Although these statistics show that the amount of cash and wealth overall has increased over the past three decades, that doesn’t mean that there have not been ebbs and flows in cash flow globally and that your average client, and even your high net worth clients haven’t felt these highs and lows throughout the last 30 years.

Besides individual situations, one thing that unites the world is global, life-defining moments that have impacted cash negatively or positively, no matter how much wealth an individual holds.

The financial crisis of 2008, the unfortunate and deeply-saddening destruction following 9/11, and more recently, the covid pandemic and lockdowns since the start of 2020, have all changed a client’s cash habits.

At Akoni, there’s nothing we love more than to discuss, explore and understand cash, and the macro factors impacting a client’s relationship with money. To support IFAs and their clients, we make it our business to know what the future holds and how we can all effectively work together to achieve the best possible outcome for a client and their cash returns.

However, to understand the future, we must first look at the past - dig into the catalysts for change in spending habits and look beyond to understand the potential trends that may come our way. 

December 2007 - June 2009: The global recession

Following the collapse of Lehman Brothers, and the sale of subprime loans, the International Monetary Fund (IMF) stated that the economic state of 2009 met the criteria for a global recession. According to the US National Bureau of Economic Research, the recession began in December 2007 and ended in June 2009.

This led many people to reduce their spending due to the significant loss in jobs, and the rate of business failure increasing. The Bank of England had to cut interest rates to really low levels to support spending and jobs. During this period, the UK economy continued to mean interest rates were kept low.

2010- 2019: The fourth industrial revolution: The rise of fintech, wealthtech, Open Banking.

Trust was understandably at an all-time low after the 2008 financial crisis.

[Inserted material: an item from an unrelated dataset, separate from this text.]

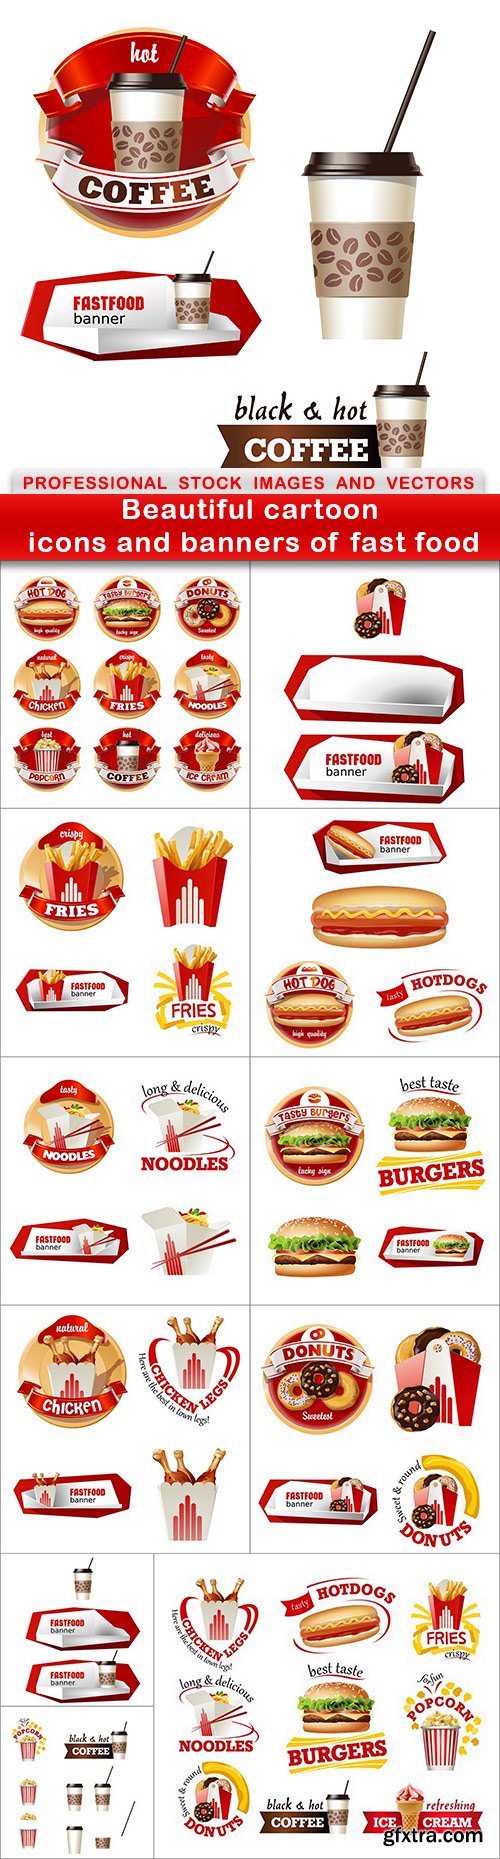 Beautiful cartoon icons and banners of fast food - 12 EPS

Throughout the previous decade, as the economy worked on building itself up again, the fourth industrial revolution (the phrase was coined in 2016) ushered in a new way of using technology, implementing it wherever possible to improve experiences, products and services to the world. The financial industry was not immune to this transformation, and quietly, a new era for financial services was just starting to begin.

Many players paved the way for technologically-powered financial solutions including the well-known World Remit - an online money transfer business (2010), the first digital retail bank - Atom Bank (2014), and online challenger bank Monzo (2015). Appropriately dubbed fintech, short for financial technology, these new services were created to give power back to consumers, and to widen the choices available to conduct financial services and provide products in a brand new way to a broader, more inclusive market.

Furthermore, the breakthrough regulatory legislation Open Banking made its debut at the start of 2018. This opened up the financial landscape to new players, and mitigates the chances of ever allowing the cause and aftermath of the 2008 crisis to happen again at the hands of just a few big banks. Instead, new players have a chance to succeed by having the ability to access valuable banking data and create new products and services on top of that.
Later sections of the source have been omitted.